18-Dec-09 - it snowed again overnight. Peter picked me up at 09:00 and we slipped and slithered towards the office. It's on an industrial estate so there's almost no through traffic, and it took us several attempts to get up the gentle slope to the office door, but we did it in the end. I knew that this one was going to be a long job, and had originally suggested that I should stay over a second night rather than risk having to cross London on a Friday evening, but as they day wore on and the internet weather news got worse and worse, I began to think I should just do what I could and leave as early as possible. Then things got worse still. Trains were cancelled, roads closed. There were no trains between Brighton and Worthing. I began to worry about the prospect of being stranded somewhere like Clapham Junction and freezing to death overnight, so I decided that I would have to stay over, after all. But we did get the job finished, by about 6:30 pm. They put me up, not at the Buckingham, but at the
Villiers, in the centre of the town, and a charming old coaching inn. It looks very quaint from the outside but inside it's warm and welcoming, has a lift (alleluia) and wifi (but only in public areas). I was, however, exhausted, so I retired to the room which proved to be very spacious, warm, and comfortable, and sent out for room service (steak baguette, chips, bottle of house red - sorry, not very original) and had the best night's sleep I'd had for a week.

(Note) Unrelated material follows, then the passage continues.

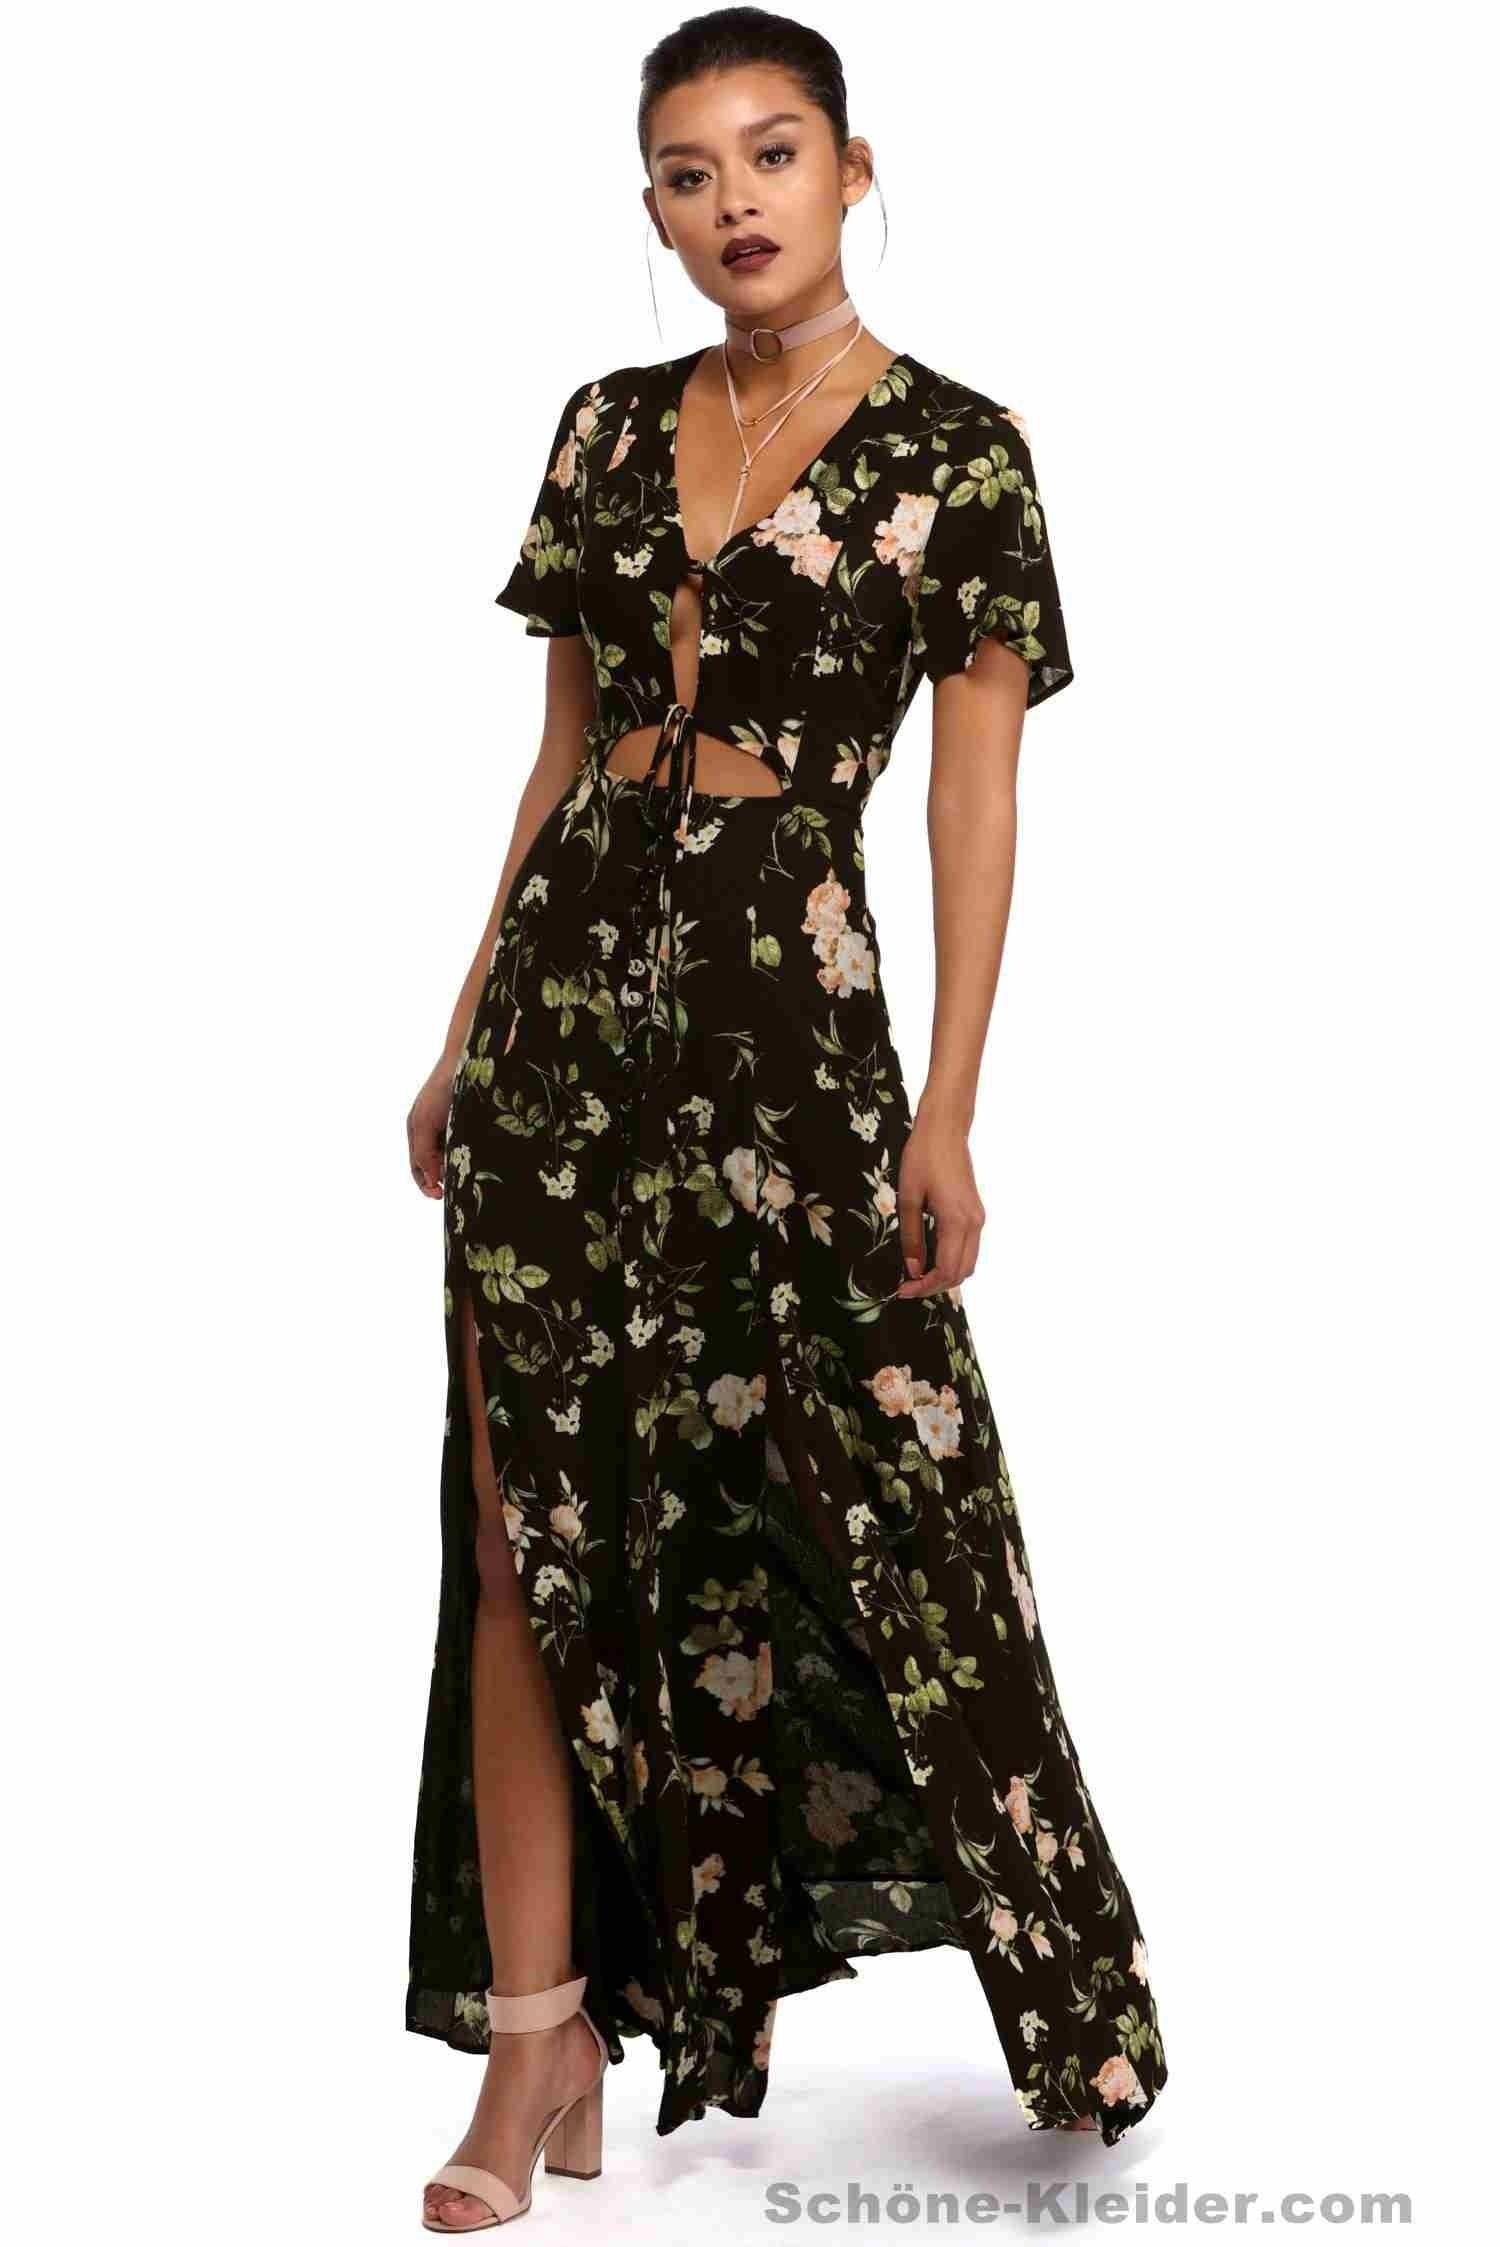 10 Schön Lange Kleider Abendkleider StylishFormal Ausgezeichnet Lange Kleider Abendkleider Boutique

19-Dec-09 - no more snow, and the roads were pretty clear as I travelled back to MK in a taxi: an interesting thing, the cost. When I get a taxi from MK to Buckingham it costs around £25. The taxi in the other direction (admittedly a private-hire car rather than a hackney) was only £16. I must keep their number.
Anyway, the train was in, there were, apparently, no delays, and all seemed well. We arrived at Clapham on time, and there's about a 20-minute dwell for the Worthing train, which also arrived, more or less, on time. I was congratulating myself on good planning... Until we got to Haywards Heath. The 12-car train split into three 4-car sets, one fast to Eastbourne, one slow to Ore, and ours (at the back) for Worthing and Littlehampton. And then... Nothing happened. After a good bit of shilly-shallying the guard eventually told us that the front set had broken down (apparently nothing to do with the 'severe weather conditions') and so, of course, the middle and rear sets weren't going anywhere, and would we please get out and take the next train from the platform opposite. Trouble is, the next train (a Brighton service) had been cancelled, which meant that there were now passengers from 16 or even 20 carriages waiting for a connection, and it was quite possible that the incoming train might only have four carriages. The next (Brighton) service was diverted to one of the up platforms, which meant a trek down into the bowels of the station, and when I got down there amongst the flowing herd of fellow travellers I saw a welcome sight: 'Taxis'. So that was it: a taxi home cost me £50 and I've written to Southern to complain and ask for my money back. We shall see.